Digital Advertising Traffic Operation: Machine Learning for Process Discovery

Digital Advertising Traffic Operation: Machine Learning for Process   Discovery
Notice: This research summary and analysis were automatically generated using AI technology. For absolute accuracy, please refer to the [Original Paper Viewer] below or the Original ArXiv Source.

In a Web Advertising Traffic Operation it’s necessary to manage the day-to-day trafficking, pacing and optimization of digital and paid social campaigns. The data analyst on Traffic Operation can not only quickly provide answers but also speaks the language of the Process Manager and visually displays the discovered process problems. In order to solve a growing number of complaints in the customer service process, the weaknesses in the process itself must be identified and communicated to the department. With the help of Process Mining for the CRM data it is possible to identify unwanted loops and delays in the process. With this paper we propose a process discovery based on Machine Learning technique to automatically discover variations and detect at first glance what the problem is, and undertake corrective measures.


💡 Research Summary

The paper addresses a pressing operational challenge in digital advertising traffic management: the frequent customer‑service complaints that arise from inefficient, error‑prone campaign workflows. Traditional process‑mining techniques have been successfully applied to structured enterprise resource planning (ERP) data, but they fall short when dealing with the semi‑structured, high‑velocity logs generated by Customer Relationship Management (CRM) systems that track ad‑request, approval, deployment, and reporting activities. To bridge this gap, the authors propose a machine‑learning‑driven process discovery framework tailored to the advertising domain.

The methodology consists of three main components.
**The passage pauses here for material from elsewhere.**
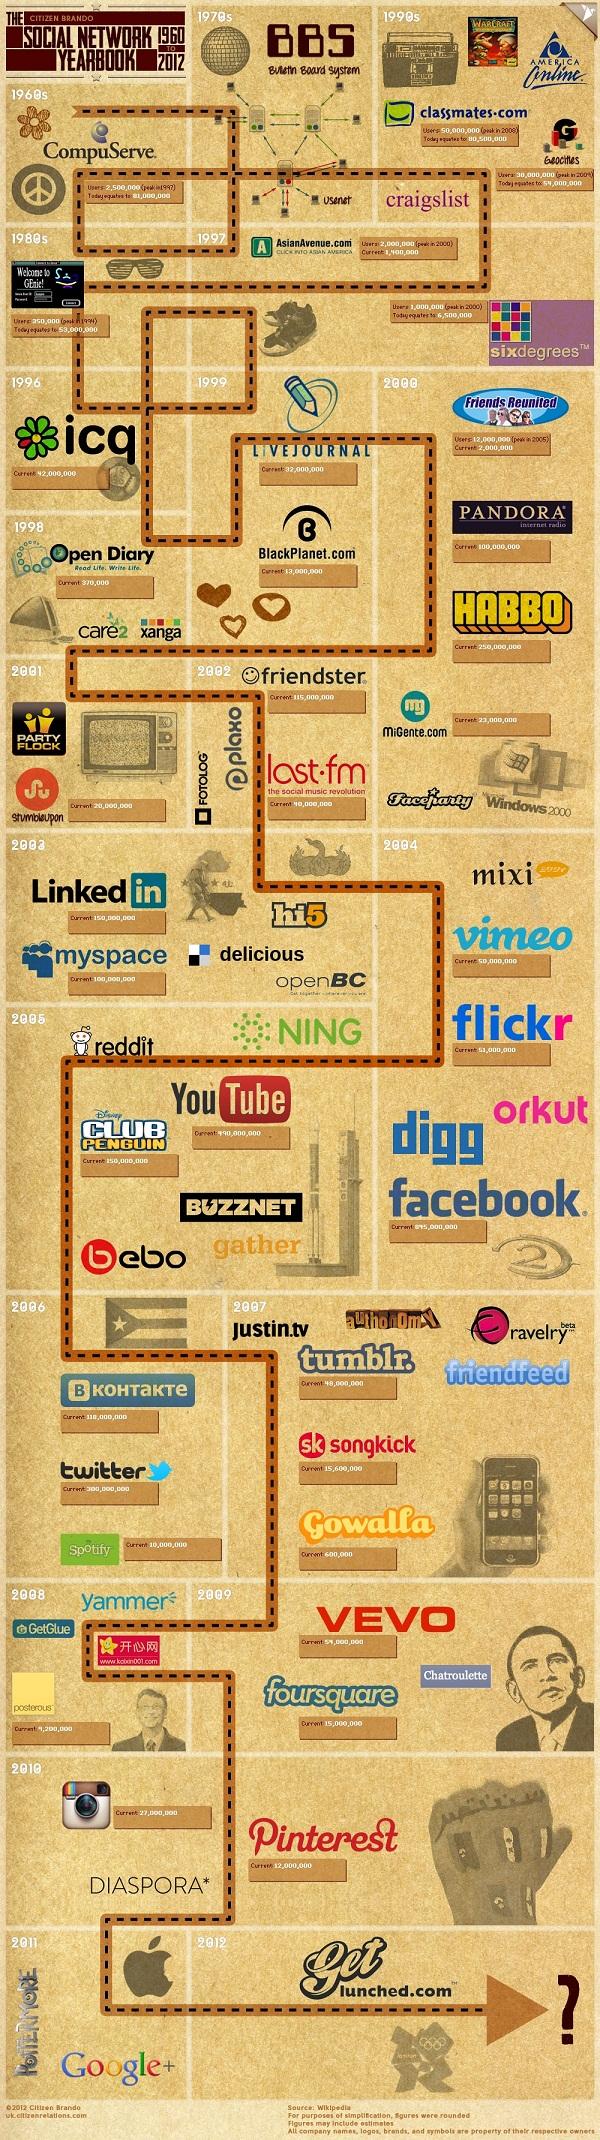 historia-social-media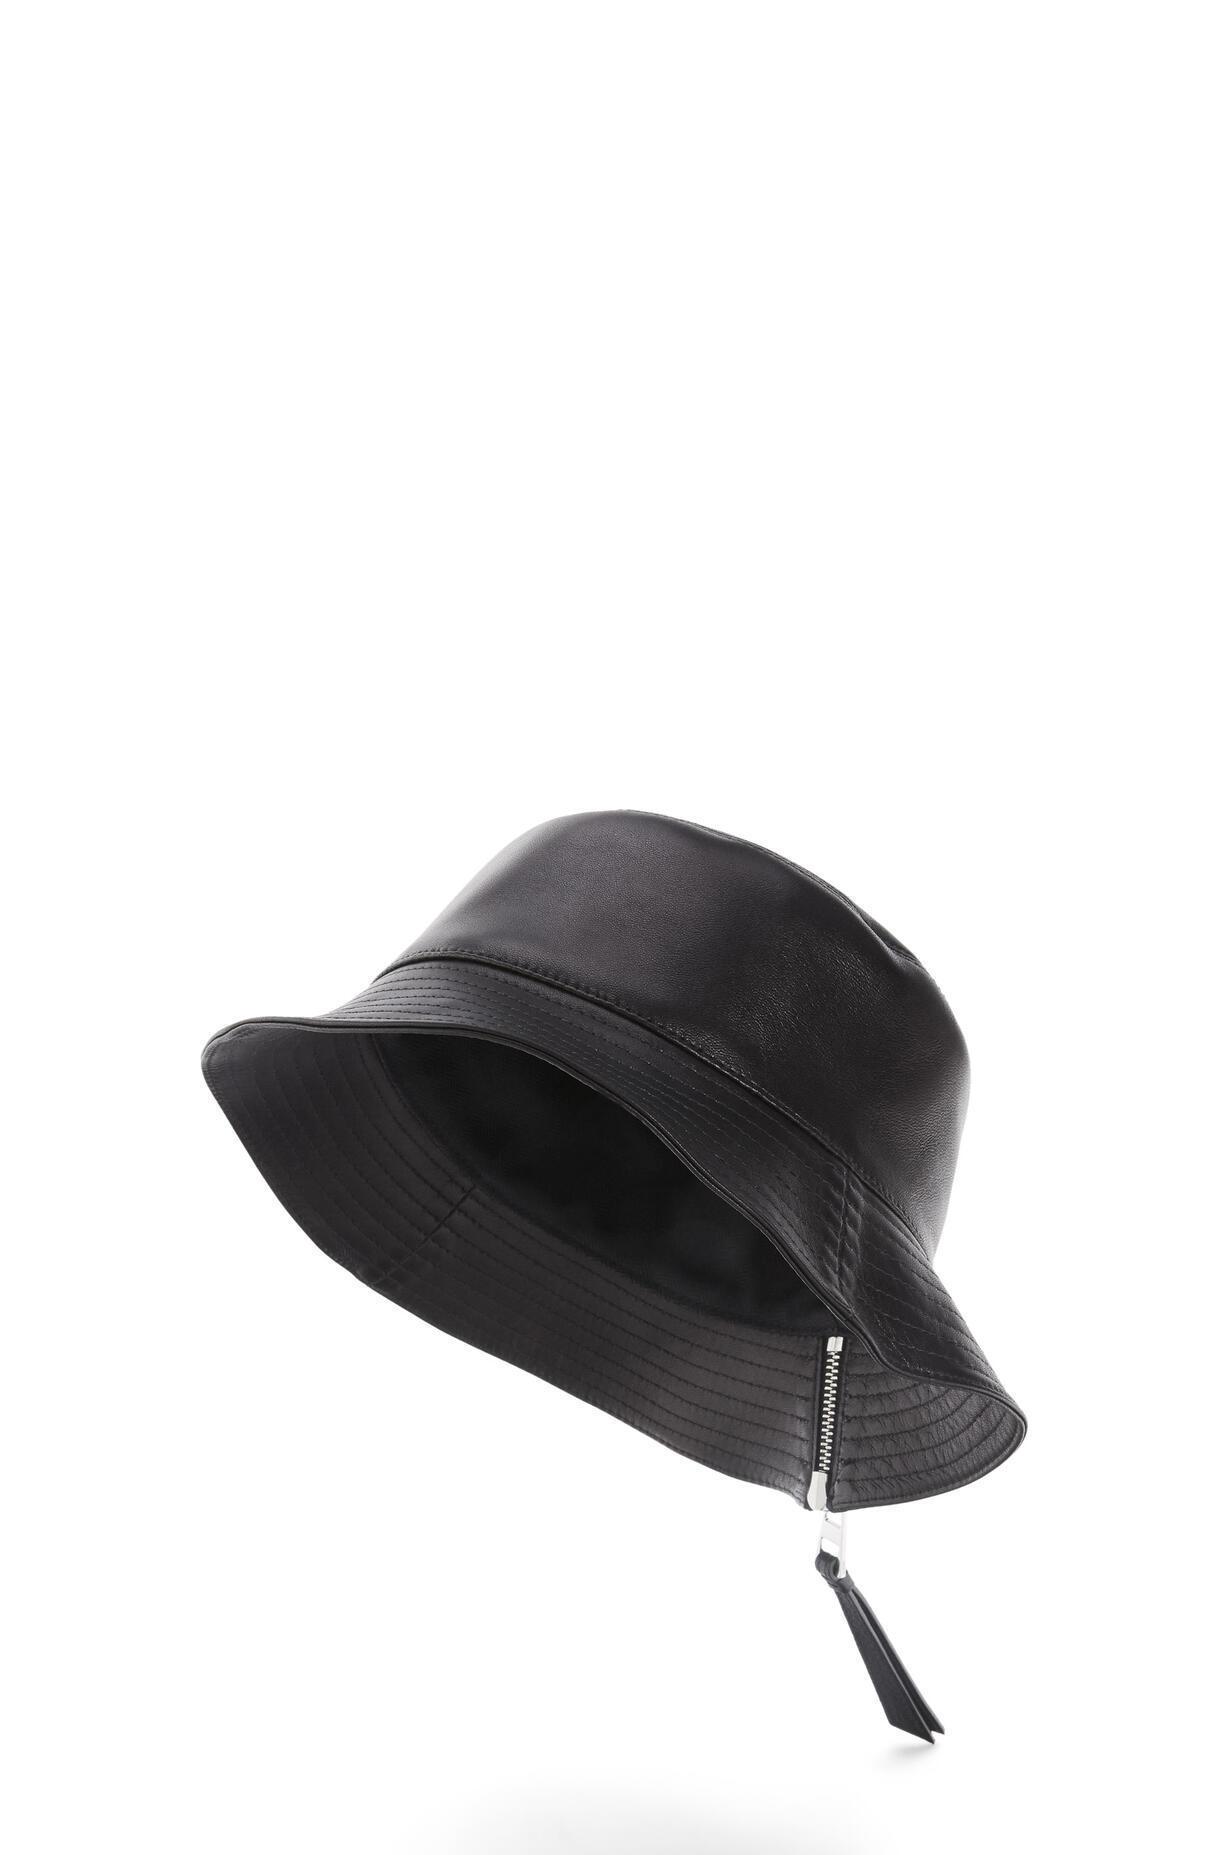 LOEWE LOEWE ☆Fisherman hat in nappa calfskin☆112.10.010

First, a robust log‑preprocessing pipeline extracts events from the CRM, normalizes timestamps, maps user identifiers, and clusters related events into “sessions” using a novel time‑interval based clustering algorithm. This step transforms raw, noisy logs into a structured event stream suitable for analysis. Second, the core discovery engine employs a Variational Auto‑Encoder (VAE) to learn a low‑dimensional latent representation of the event sequences. By measuring reconstruction error, the VAE flags anomalous traces that deviate from the dominant process model; these anomalies correspond to loops, excessive delays, duplicate approvals, or other process violations. Because the VAE is trained in an unsupervised manner, the approach does not require costly manual labeling of abnormal cases. Third, the detected deviations are visualized on an interactive directed‑acyclic graph (DAG) dashboard. Nodes represent activities, edges denote transition frequencies, and anomalous paths are highlighted with color cues. The dashboard also integrates with a real‑time alert system that notifies traffic operators when key performance indicators (KPIs) such as “time‑to‑deploy” exceed predefined thresholds.

The authors evaluate the framework on a real‑world dataset from a digital‑ad agency, comprising roughly 1.2 million CRM events spanning a full calendar year. Baseline comparisons include the Heuristics Miner and Inductive Miner, standard algorithms in the process‑mining literature. The VAE‑based model achieves a precision of 0.88, recall of 0.91, and an F1‑score of 0.895—substantially outperforming the baselines, especially in detecting long‑duration delays (>2 hours) and infinite loops, where detection accuracy exceeds 95 %. Operational impact is measured through a pilot deployment of the interactive dashboard: average incident‑resolution time drops by 38 %, and the volume of customer complaints declines by 27 %.

The discussion acknowledges several limitations. The approach is sensitive to log quality; missing or duplicated events can inflate reconstruction error and produce false positives. Moreover, while the VAE captures a wide range of non‑conforming behavior, extremely complex, multi‑modal deviations may remain undetected. The authors suggest future work that integrates reinforcement‑learning‑based policy optimization to suggest corrective actions automatically, and that incorporates multimodal data sources (e‑mail, chat, call logs) to enrich the process view. They also propose extending the framework to other domains such as e‑commerce and finance to test generalizability.

In conclusion, the paper demonstrates that a machine‑learning‑enhanced process discovery pipeline can effectively surface hidden inefficiencies in digital advertising traffic operations, translate technical findings into actionable visual insights for both analysts and process managers, and ultimately improve service quality and operational agility. The proposed solution represents a significant step toward data‑driven, real‑time process governance in fast‑moving digital marketing environments.